Paul Lynch: A book begins in the mind as an itch you have to scratch
The author of June’s Book Club choice Grace on how writing a novel is a long and strange inner journey
Paul Lynch: serious fiction is a form of knowledge. The writer seeks to understand the truths that define the human condition. Photograph: Ulf Andersen/ Getty Images
Strange work is the writing of a novel. A book begins in the mind as an itch and the writer discovers a compulsion to scratch. An image arrives and resonates, sometimes for years. The writer thinks: why this image and not another you might like?
Who is this shadowy person that haunts your waking mind? You walk to the shop to buy eggs and a character suddenly quivers like a plucked string. You discover it is a teenage girl. Why is she here? What does she want to say? It’s not as if you want to write another novel set in the 19th century. And yet she is beckoning from 1845. Why this year and not another? (Something forbidding began that year and it would be best to have nothing to do with it.)
The writer is the priest of the deepest self, the self that remains unknowable. You are called to exorcise this feeling and discover its secret meaning. This might be thought of as the beginning of theme.
But how to begin? A novelist before an unwritten book is a speaker without a language yet to exist. The beginning is a baton pass from the unconscious, the part of the mind older than language. The tongue-tied writer awaits, wearing a blindfold. A hand reaches into the dark and something shapeless is placed in your grip. Whatever it is, you’ve got to run with it along terrain that quickly assumes the topography of a mountain.
You stare toward the icy summit and see palls of cloud. The base of the mountain is covered with snow and there is no path. There is no Sherpa, no map for this. (The maps exist for the day-trippers who wander the hills of the national parks where signage shows the gravelled path, the toilets, the cafe and safe exit).
You plunge into the snow and discover you are wearing sandalled slippers. A blizzard tosses east into west. You find yourself in biting hedgerow with thorns that grow out your fingernails as you type.
If you are a writer with experience, you might wonder what supplies you have against hazard. You examine your backpack and see it is empty but for matches. This might be all you need – small flame in the dark to see step by step. (The writer wonders, if you knew the way in the light would you go there?). Fortitude and toughness, you discover, do not come in an Acme pack.
There are times when you step with self-assurance and tumble down a ravine. The snow falls in drifts and days pass caught on your back and soon you grow stiff. Then you think of Xenophon in the Anabasis with his flagging, frost-bitten army on Armenia’s wintered slopes. Under whacking snowfall they give up for dead until Xenophon without a cloak climbs up and starts chopping down a tree. You light a small fire and begin again.
The writer should ask, why am I doing this? You remind yourself that serious fiction is a form of knowledge. That the writer seeks to understand the truths that define the human condition. Isn’t it so that finitude and suffering are our lot?

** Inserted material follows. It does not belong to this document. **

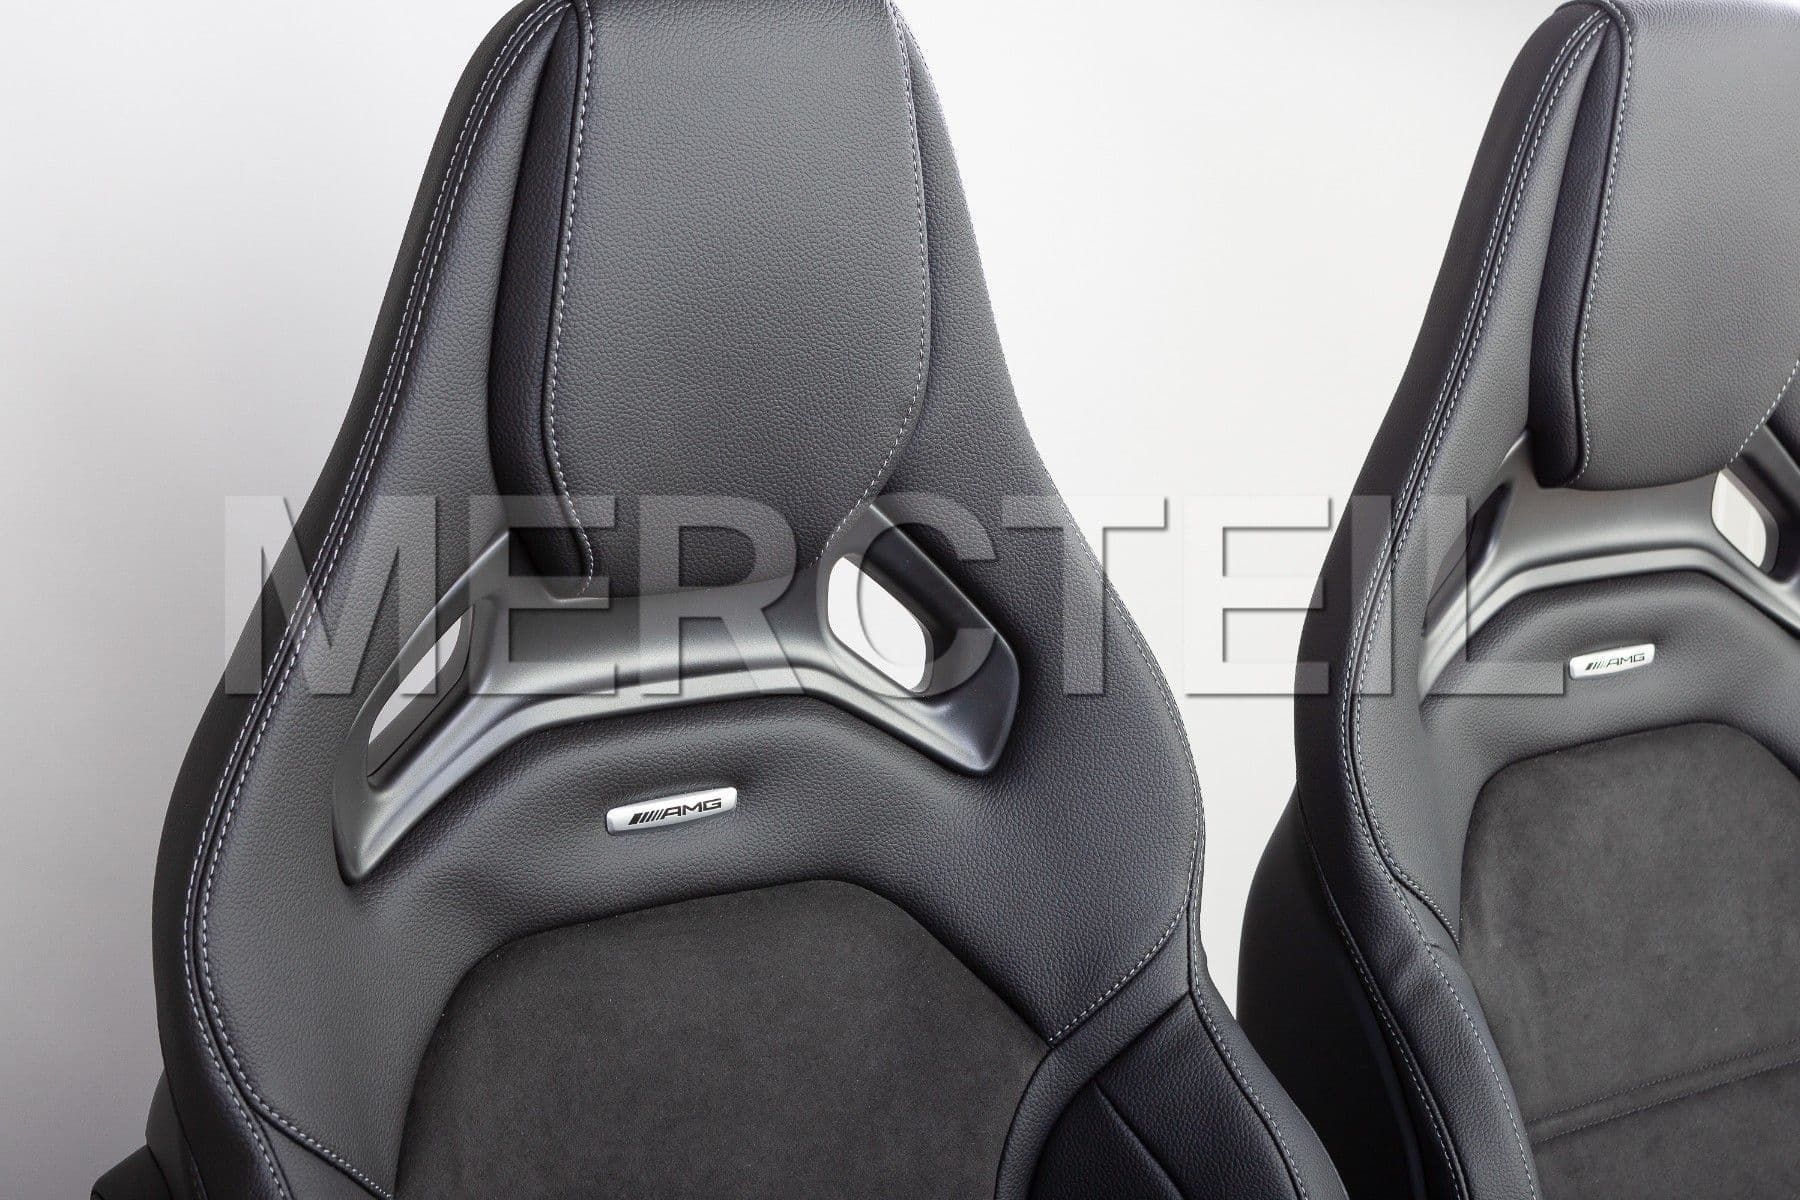 https://mercteil.com/s3/c-class-amg-sport-alcantara-and-leather-seats-lhd-genuine-mercedes-amg-1643113903393-x2.jpg

That victories are short and love is borrowed? That the unwanted likes to knock upon our door? That sometimes the knocker takes the form of chance, and sometimes what darkens our door is malevolence? We stare at life and are bewildered. You have the right to ask, who are we in relation to all this? How do we define our loss or overcoming?
Literary style is a way of knowing how the world is met in its unfolding. Style is also an unknowing and should alert the reader to the mysterious. Czeslaw Milosz had a constant regret that “human experience defies description”. So you write and seek to express life’s infinite, unconquerable strangeness.
“Keep right on to the end of the road,” went the Harry Lauder song. What you practice grows stronger.
Paul Lynch’s Grace is the Kerry Group Irish Novel of the Year 2018. It is currently shortlisted for The Walter Scott Prize for Historical Fiction and the William Saroyan International Prize for Writing.